Tau: data as typed functions of time

Most timeseries databases are tables that happen to be sorted by a timestamp column. tau starts from the other side: a series is a function, and the database is the place those functions live.

The premise

Pick up most timeseries databases, Influx, Timescale, even Prometheus, and the underlying picture is the same: rows in a table, indexed by (series_id, timestamp). Whatever query language sits on top eventually compiles down to “scan a sorted column and aggregate”. Time is a coordinate.

tau is built on a different reading. Time is not a coordinate, it’s the domain of the function. A series is a partial function S_T : ℤ ⇀ T from integer nanoseconds since epoch to a typed value, and the database is a runtime for those functions. Operations like unit conversions or returns aren’t queries; they’re morphisms over the function.

This isn’t dressing-up. It changes how the storage engine, the query model, and the runtime are organised.

Partial functions, not sparse tables

The core type, in src/core/entities.zig, is straightforward:

pub const Timestamp = i64; // nanoseconds since epoch

pub const TimeDomain = struct {
    start: Timestamp,
    end:   Timestamp,
};

pub fn Series(comptime T: type) type {
    return struct {
        label:   [32]u8,
        domain:  TimeDomain,
        segments: std.ArrayListUnmanaged(SegmentType),
        // ...
        pub fn at(self: *const Self, timestamp: Timestamp) ?T { /* ... */ }
    };
}

at returns ?T. Not T with a sentinel. Not interpolated. Not “last value seen”. If there is no observation at that timestamp, you get null, full stop. The mathematical model is a partial function: S_T(τ) = v_i when there exists an i such that t_i = τ, and S_T(τ) = ⊥ (undefined) otherwise.

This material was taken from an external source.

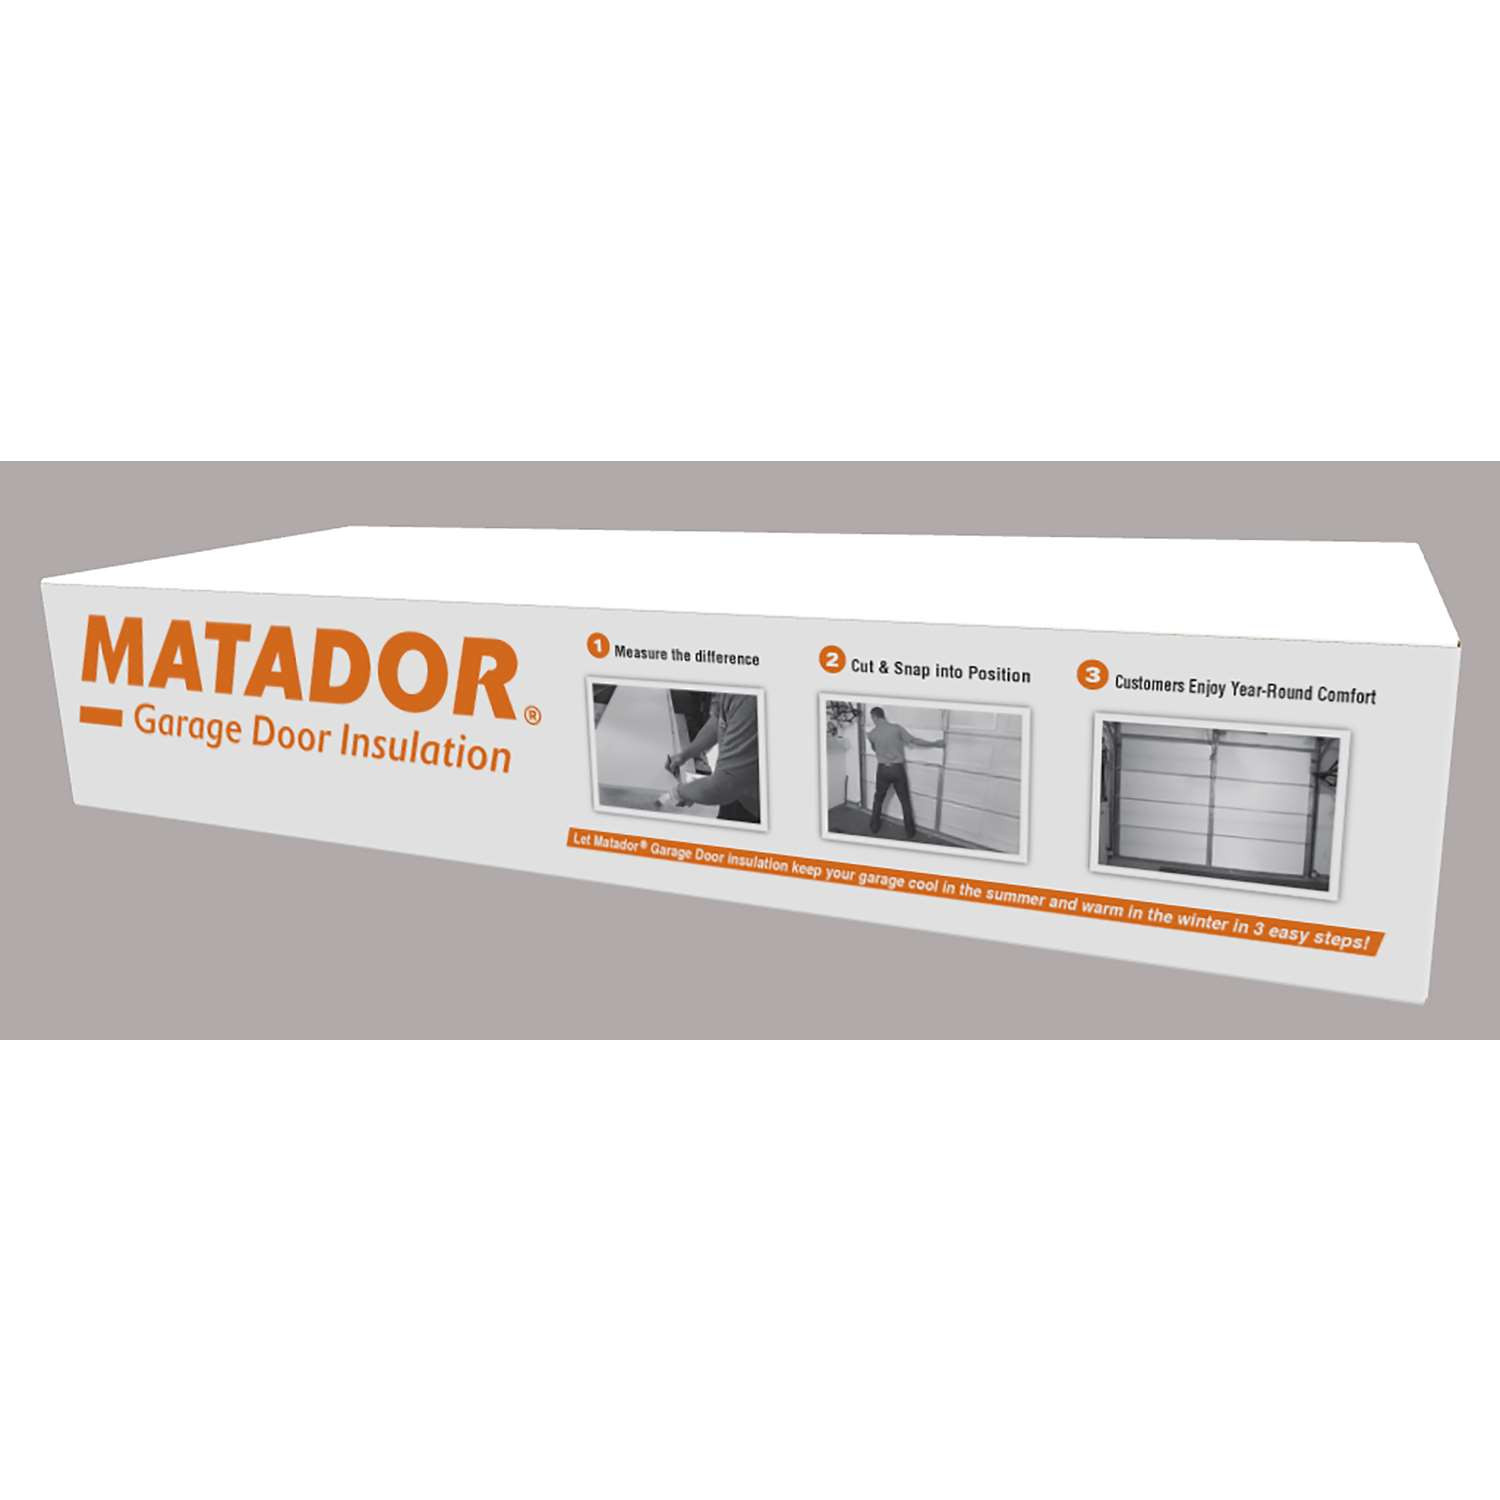 Matador Garage Door Insulation Kit
 Matador 21 in W x 55 in L 4 8 Garage Door Insulation Kit

The reason this matters: the moment a database starts inventing values for timestamps you didn’t write, you’ve lost the ability to distinguish “no data” from “zero” from “previous value still holds”. Every analytic that runs on top has to either know which interpolation rule was applied or stop trusting the answer. tau pushes that decision back to the caller. Want last-value-carry-forward? You write that lens explicitly, and it’s a function from ?T to T that you can read.

The domain: TimeDomain field is a fast pre-filter: any timestamp outside [start, end] is rejected without touching segment data. It’s not metadata about what’s in the series, it’s an existential bound on what the function is even defined over.

Comptime generics make this cheap

Because Series(T) is a Zig comptime generic, every series is monomorphised to its element type. The compiler knows the size of T at every callsite. The columnar segments, two contiguous arrays, times: []Timestamp and values: []T, pack tightly with no interleaving and no per-element indirection.

pub fn Segment(comptime T: type) type {
    return struct {
        times:  []Timestamp,
        values: []T,
        count:  u32,
        // ...
    };
}

Point lookup is O(log n) binary search over times. The values array is never touched until a hit is confirmed. The min/max timestamps are stored in the segment header, so contains(ts) rejects out-of-range queries without looking at the array at all.

A series is a list of segments, default cap 1M points each, so writes never have to rewrite a giant buffer. Lookups walk the segment list with the contains() early exit and binary-search inside the matching one.

Lenses are morphisms

If a series is a function, the natural thing to compose with it is another function. tau calls these lenses:

pub fn Lens(comptime Out: type) type {
    return struct {
        context:     *const anyopaque,
        at_function: *const fn (*const anyopaque, Timestamp) ?Out,

        pub fn init(
            comptime In: type,
            source: *const Series(In),
            comptime transform: *const fn (In) Out,
        ) Self { /* ... */ }

        pub fn compose(
            self: *const Self,
            comptime NewOut: type,
            comptime new_transform: *const fn (Out) NewOut,
        ) Lens(NewOut) { /* ... */ }
    };
}

The construction is the bit of Zig I’m proudest of in the project. init builds an inline Adapter struct in comptime that captures the source Series(In) and the transform function, then erases both into *const anyopaque plus a function pointer. From the outside, Lens(Out) has one type. Inside, every lens is a specialised closure with no virtual dispatch, no allocation, and no copying of the underlying series.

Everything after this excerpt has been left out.